Governments are not only encouraged to leave these things up to multinationals, they are forced to do so with the threat of losing credits with the World Bank or the International Monetary Fund that are stricly tied to following “free trade” guidelines, guidelines under which only big traders are “free” and whole countries are newly colonised and forced labour is globally reintroduced.
This ruthless and barbaric system where the sweat and blood of billions living close or below the minimum is drained by a few million people at the controls has been introduced step by step over the last decades, perfecting the capitalist nightmare.

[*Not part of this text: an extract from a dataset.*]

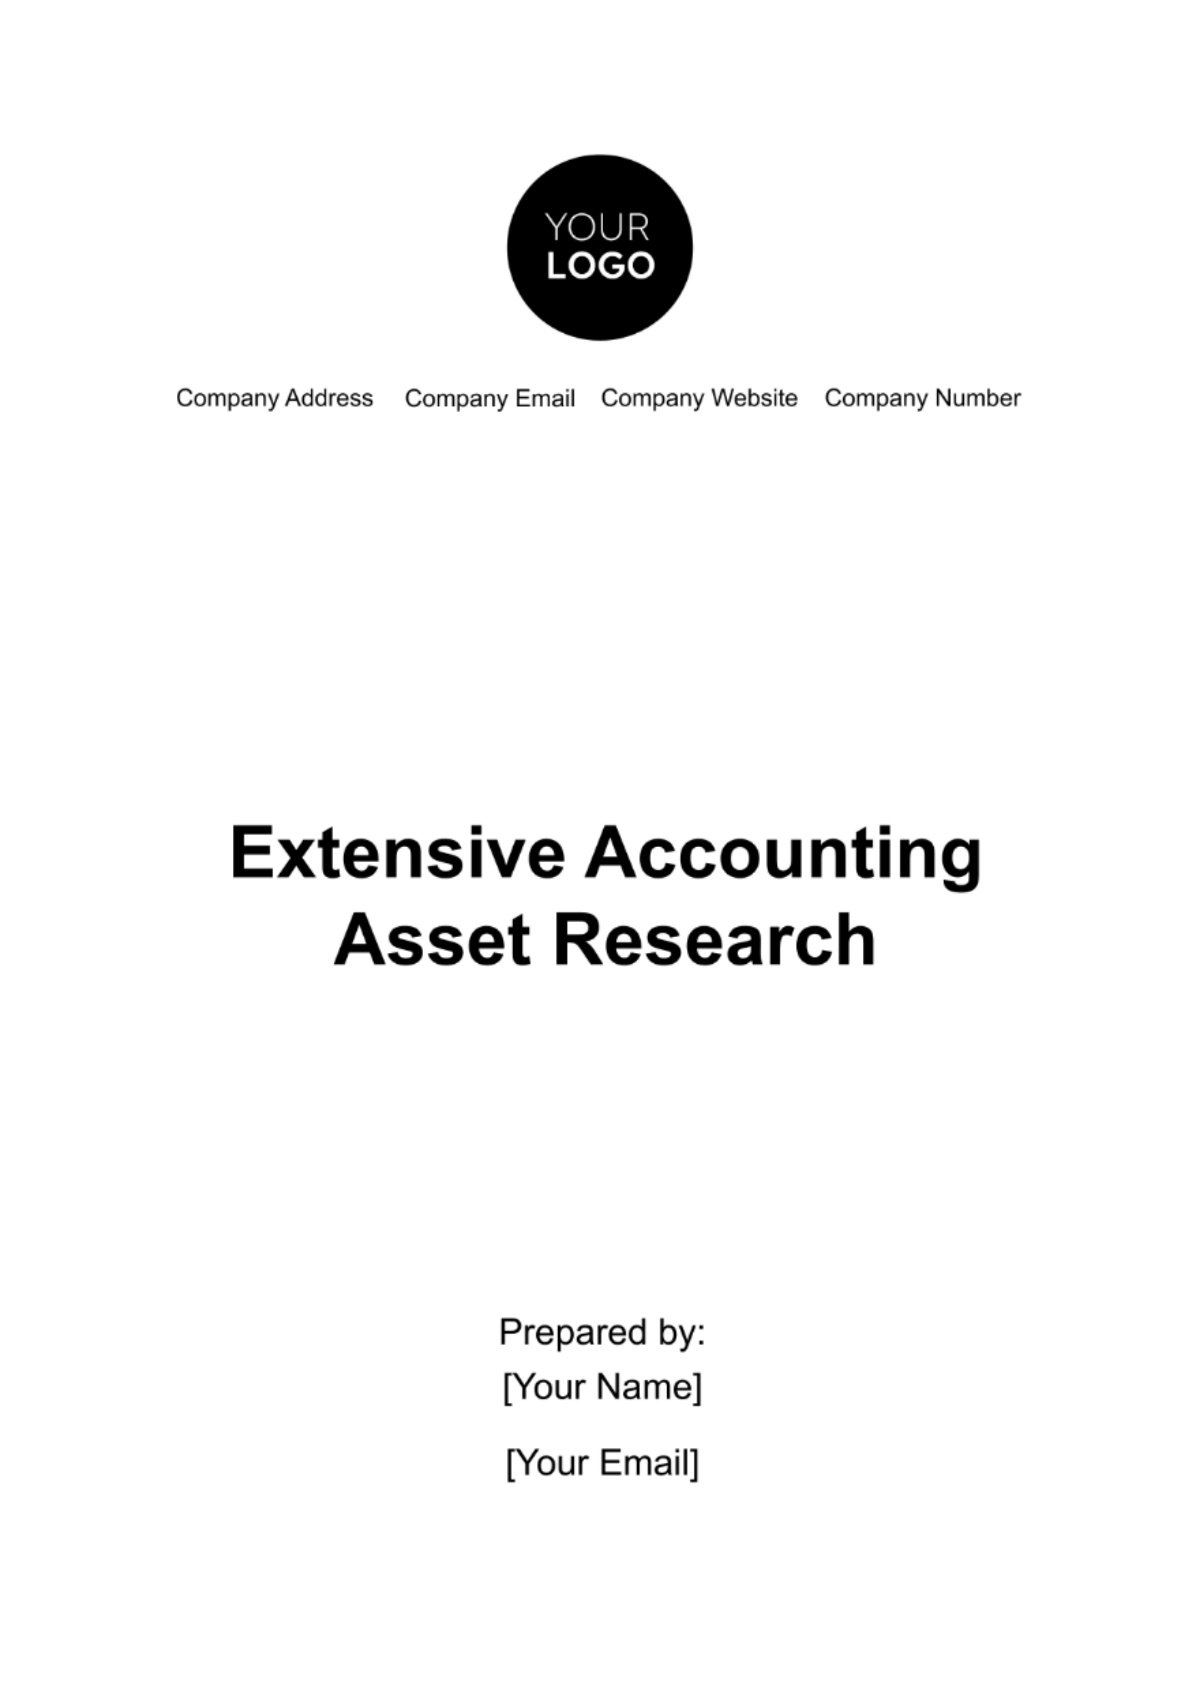 Extensive Accounting Asset Research Template

Recently there has been a regrouping of the forces of dissent, and as we could see particularly well in Seattle they represent a broad coalition, from Trade Unions to Christians to Anarchists and Environmentalists. Despite this broad alliance with every step – especially the focal points June 18th and Nov. 30th – things have started to clarify bit by bit. It has also become clearer to many people what the function of the state is in this context – enforcing the “free” trade and forced labour, be it in the ‘third’ world or in the prison industry.
“Parliamentary democracy”, the system to be enforced onto the world by the US and Western Europe is a representative system, that has in its more ‘developed’ stage ensured the absence of fundamental opposition in most Western states. The choice of voters is reduced to a choice between two types of artificial sweeteners, to slightly differing modes of administering capitalism. While the more ‘developed’ democracies are executing the political will of multinational corporations and national capital, less ‘developed’ ones are under direct influence of various mafias and ruthless power elites.

As this situation is becoming clearer to critical minds in the East and the West, the North and South, strategies of resistance are differing substantially. There are two major differences:
1. Between national and international resistance. One response to the so-called globalisation has been and is a re-emergence of nationalism. This is a blind and unanalytical response: It locates the problem wrongly in the internationalisation of capital and especially finance capital. It is merely regurgitating ‘national-revolutionary’ rhetoric without a criticism of national capital and without analysis of capitalism.
2. Between the proponents of non-violence and those who don’t agree to principally exclude violence against property from the vocabulary of their actual resistance. This has come to the foreground again in Seattle, but the problem has a long history. Again and again have pacifists and self-proclaimed anarchists actively worked for the security services in pointing out ‘violent’ protesters. Activists in London will remember the ‘Keep it Fluffy’ campaign (during the movement against the Criminal Justice Bill/Act) that advocated marking ‘violent’ elements with colour for the police to arrest them, or joining hands and sitting down around ‘violent’ elements. Similar is a group calling themselves ‘Keep the Peace’ mobilising not to protect activists from police brutality but supposedly from violent agitators.
Needless to say violence is not a good thing per se, but such desperate attempts to enforce the State’s monopoly on violence by so-called anarchists are as sickening as the neo-fascists maskerading as anti-imperialists we just mentioned in the previous paragraph.

Obviously a lot has to be clarified yet, and the powers that be will do everything through legislation, legal and illegal policing, and their massive propaganda machinery through the media to prevent the movement to find coherence in its critique and actions, to find realisation on a mass basis.